Problem details: Pictures should be left out while the data beneath this task is written out word for word.

Information shown:
★ ★ ★

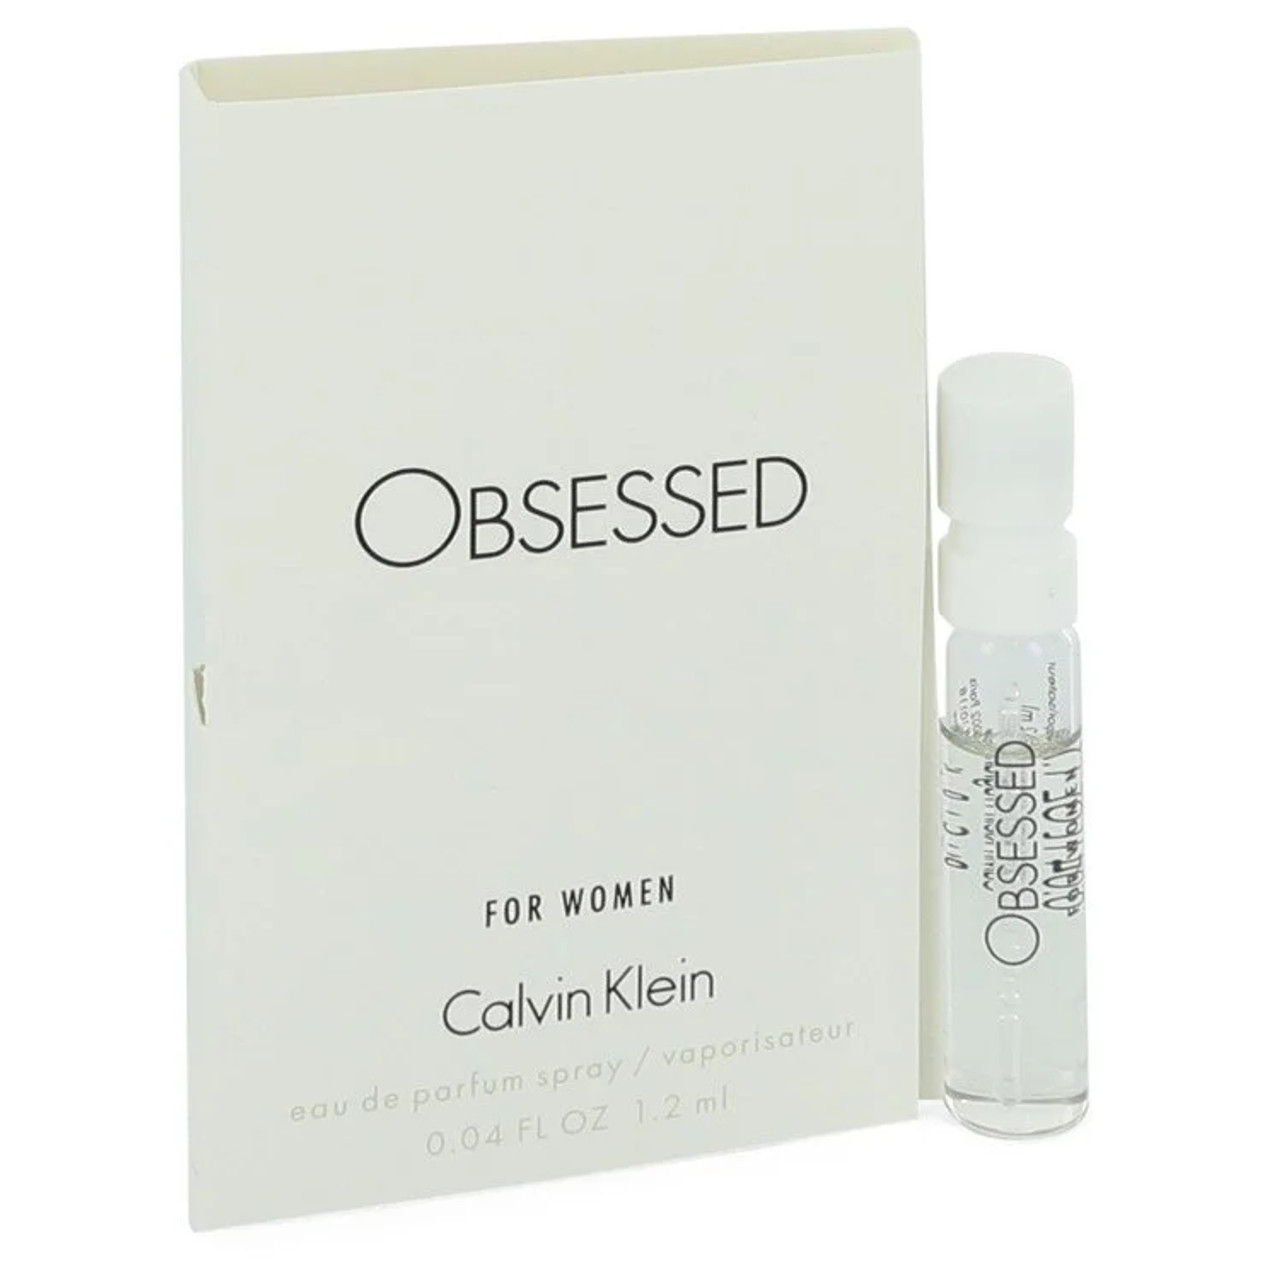 Obsessed Perfume By Calvin Klein Eau De Parfum Vial 0.04 oz for Women - *In Store
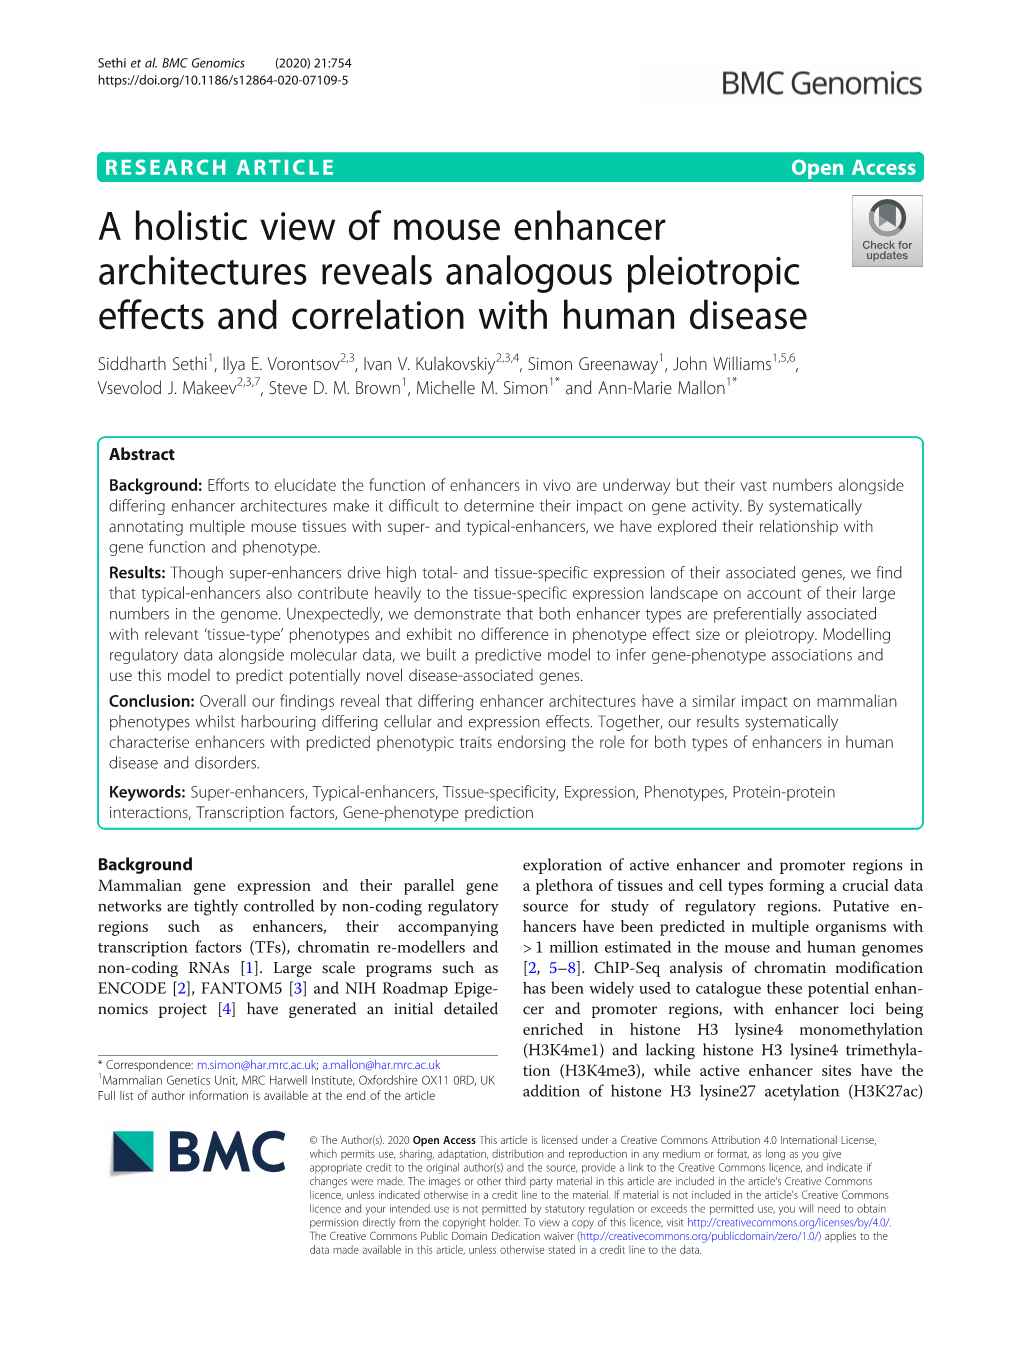 A Holistic View of Mouse Enhancer Architectures Reveals Analogous Pleiotropic Effects and Correlation with Human Disease Siddharth Sethi1, Ilya E
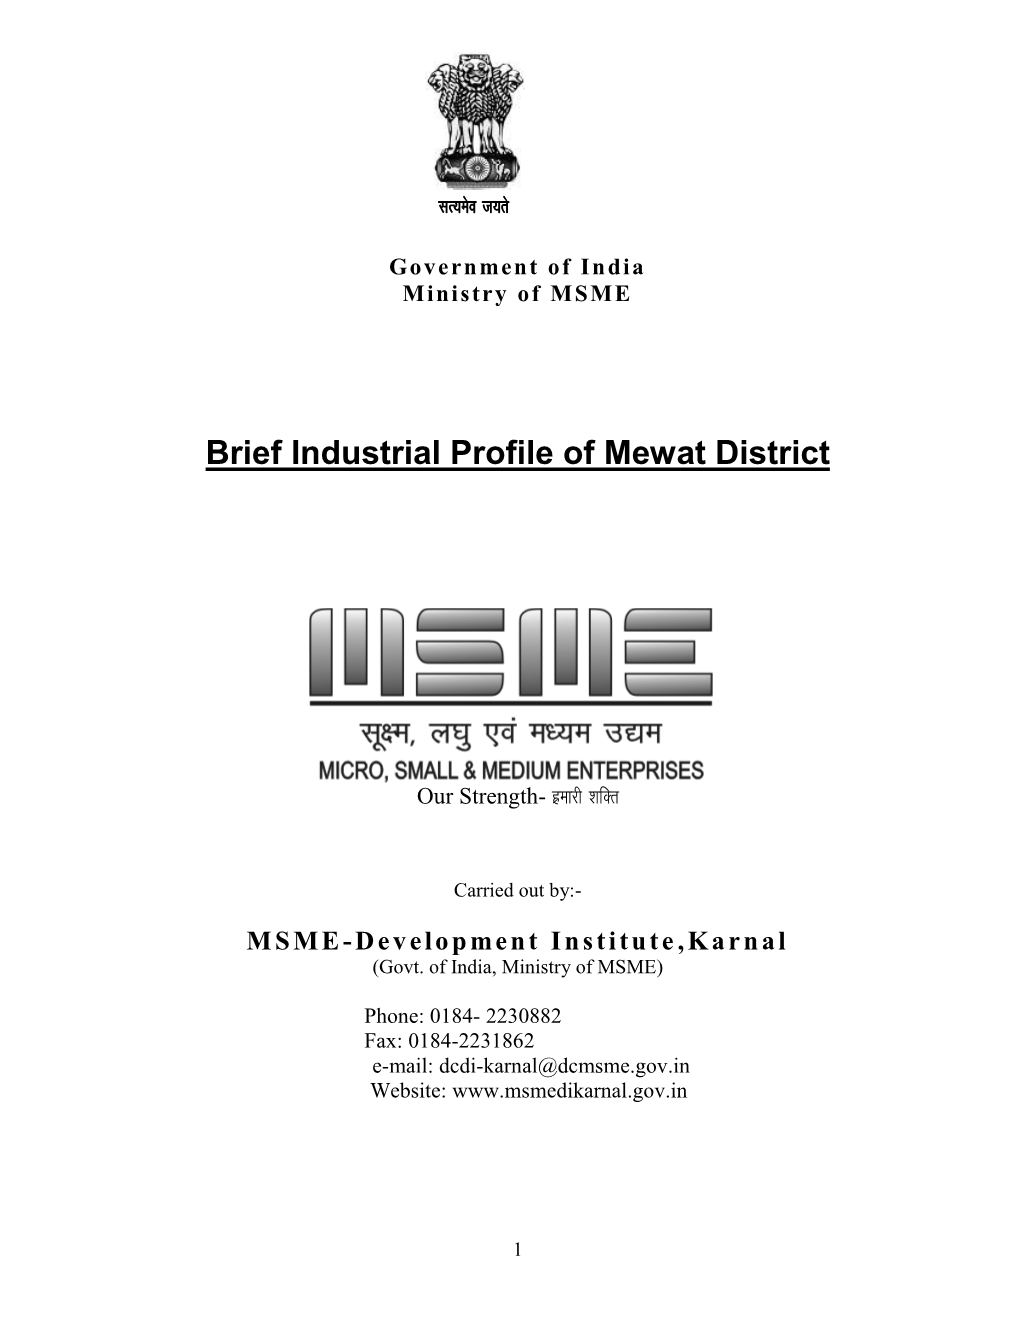 Brief Industrial Profile of Mewat District

★ ★ ★

The completed task:
 Obsessed Perfume By Calvin Klein Eau De Parfum Vial 0.04 oz for Women - *In Store
 A Holistic View of Mouse Enhancer Architectures Reveals Analogous Pleiotropic Effects and Correlation with Human Disease Siddharth Sethi1, Ilya E
 Brief Industrial Profile of Mewat District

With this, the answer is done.